With a giddy grin, she obliged, marking the count on her fingers. One three five. One three five. One three five …

Two people had never been so excited to watch a light blink as the pair of pioneers that was Lloyd and Emily. They had hitched their wagon to a star and ridden its flaming tail deep into the far reaches of the galaxy. Here, in the wee hours of the morning, a lowly lab tech and a moonlighting janitor were witnessing history in the-

Ace’s green light flashed out. A cry of dismay burst from Emily’s throat.

Lloyd swallowed hard, crestfallen but doing his best to maintain a professional attitude. “How … how many iterations was that?”

“Fourteen,” Emily answered with a sigh. “And a half.”

The technician nodded and noted the count. “I should call Dr. Minchhaus,” he murmured, reaching for the phone on the desk. Emily glanced away so Lloyd wouldn’t see tears glistening in her eyes.

“There’s another one!”

Emily’s head whipped around at Lloyd’s exclamation. She scrambled after him to another bank of indicators, stepping on the tech’s heels as he came to a stop to stare at a single green light blinking within a sea of solid blue.

One three five, Emily counted. Inexplicably, her heart expanded until it felt too big for her chest.

“The same sequence,” Lloyd gasped. “We’ve never had a pattern reoccur before.”

He seemed likely to float to the ceiling. A sense of surrealness made Emily lightheaded as well. Something momentous was contained in that unassuming green blink. She felt its energy signature was no longer something restrained to the vast reaches of outer space, but had stretched across the interminable distance to touch this place where they stood, like one hand reaching out across a gulf for another.

“Lloyd, do you think it’s trying to communicate with us?”

“Of course not. They’re not even aware of our observations.” But what if? the glance he shared with Emily seemed to glint. Wouldn’t that be exciting?

The light went dark again.

“How many iterations?”

“Twelve,” the janitor answered, turning a circle. “Where’d it go? It has to be here somewhere.”

Spotting another green light across the lab at the same time, Lloyd and Emily tripped over each other in their hurry to get to the panel.

“One three five.” Bathed in a blue aura of indicator lights, the technician’s face registered awe as he whispered ace’s sequence. “You really think it knows we’re here?”

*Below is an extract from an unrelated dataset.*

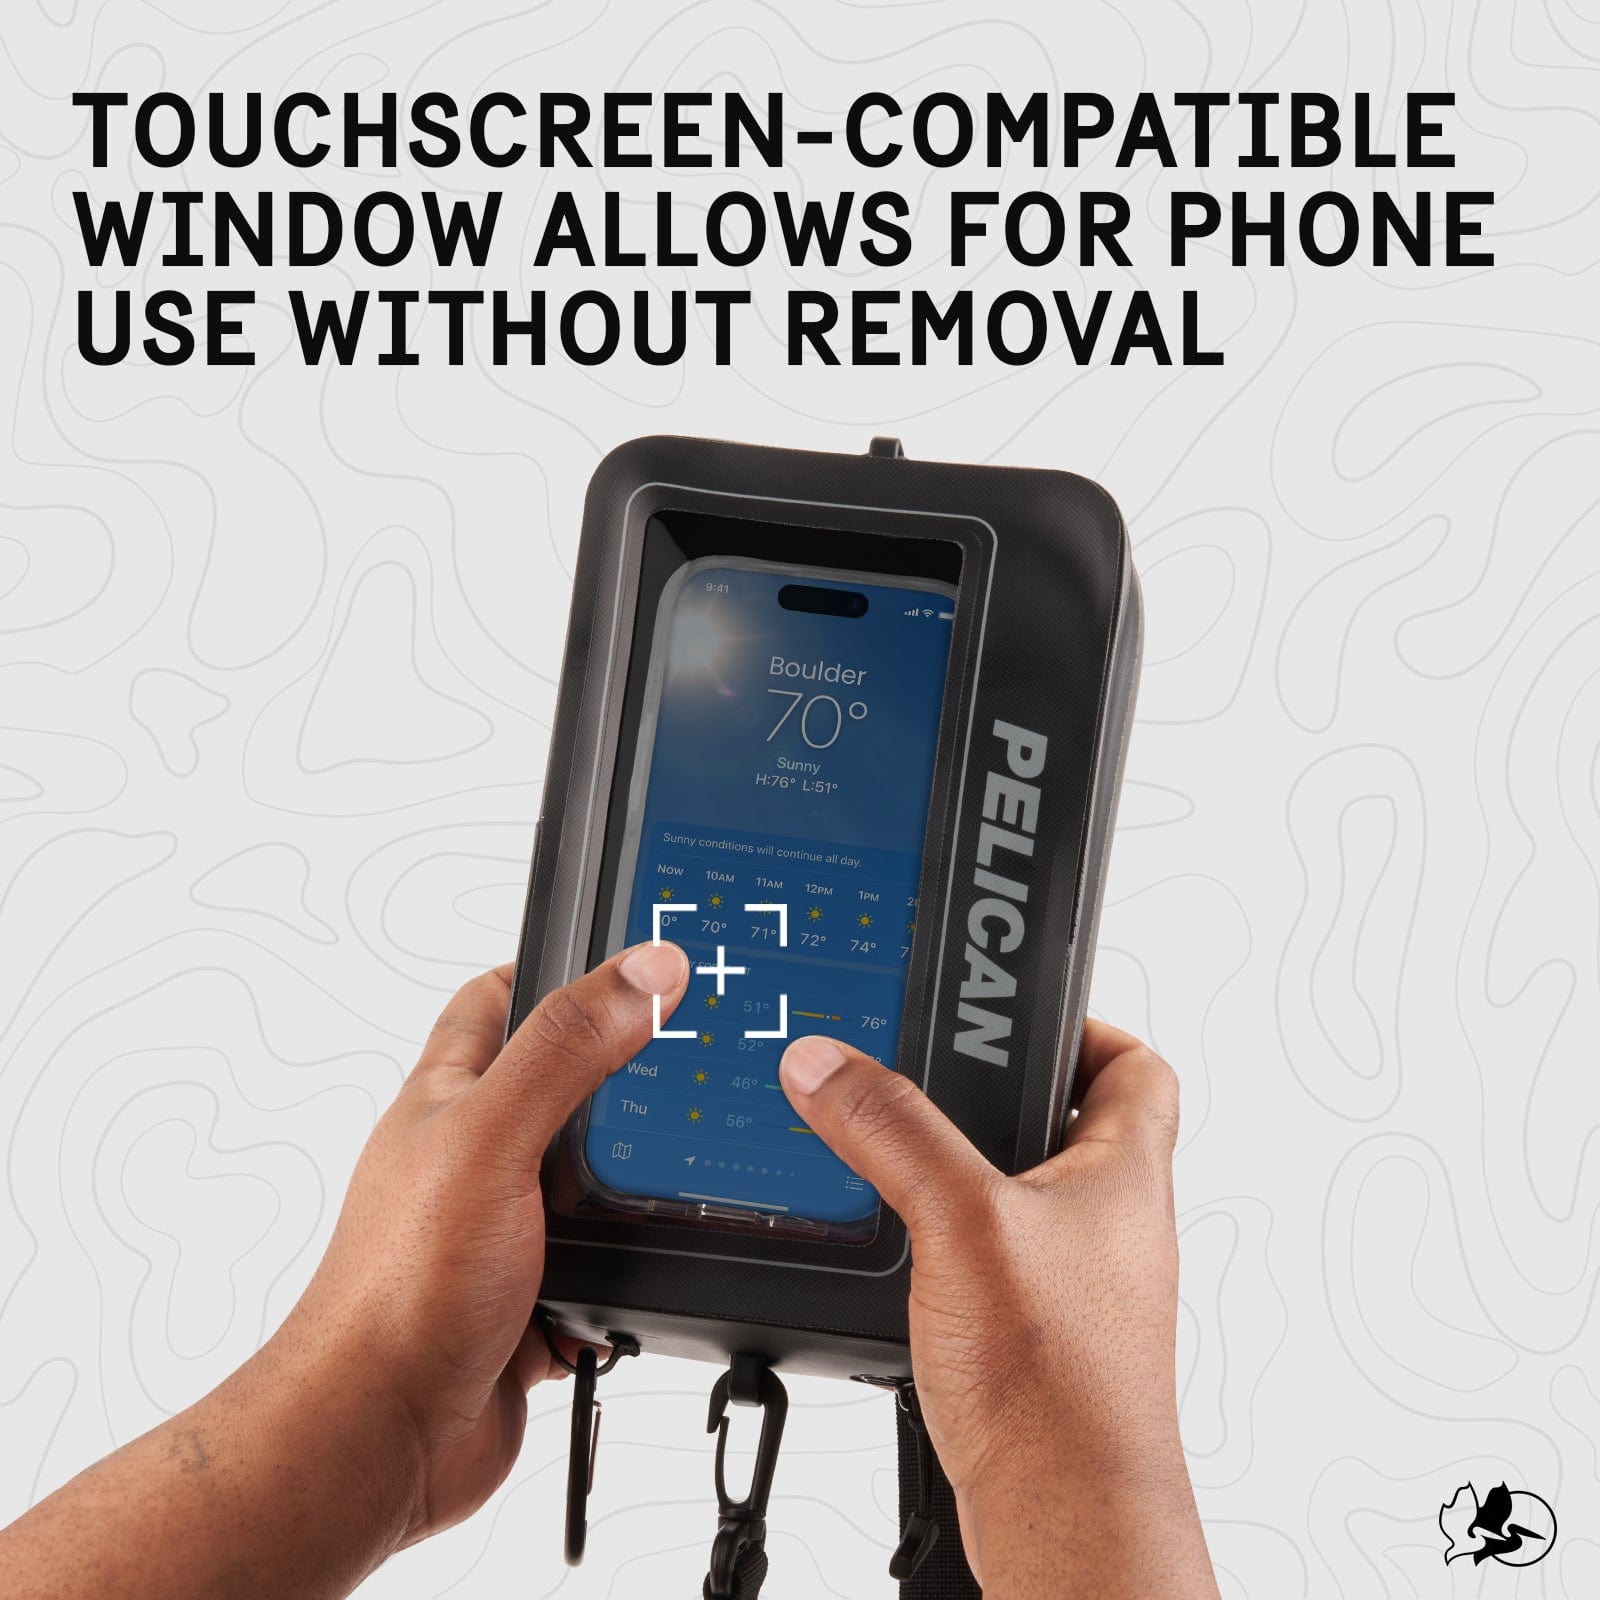 TOUCHSCREEN COMPATIBLE WINDOW ALLOWS FOR PHONE USE WITHOUT REMOVAL

“Don’t you feel it?” Emily responded in the same hushed tones. “That energy?”

With her focus narrowed to exclude all from her vision but the green wink of one three five, the midnight custodian felt an echoing glow pulsing in her soul so strong that she couldn’t have said if the energy fueling that flashing indicator came from somewhere out in the cosmos or from within her own body.

Ace blinked out again.

Emily blinked. Lloyd was already racing to another quadrant.

“I forgot to count iterations,” Emily confessed as she came up behind him.

“Ten and a third. They’re getting shorter.”

Emily’s eyes widened. In echo of her own speeding pulse, the one three five sequence increased tempo. Like a frantic heartbeat.

“Lloyd, I think it’s being chased.”

“Chased? By whom?”

“I don’t know. The others? To stop it from reaching us?”

The lab tech gaped at her briefly before turning his attention back to the indicator array.

After its eighth iteration, the green light went dark. Panic dizzied Emily as she spun, searching out ace.

“There!” Lloyd pointed.

Six iterations. The blink shifted left one panel.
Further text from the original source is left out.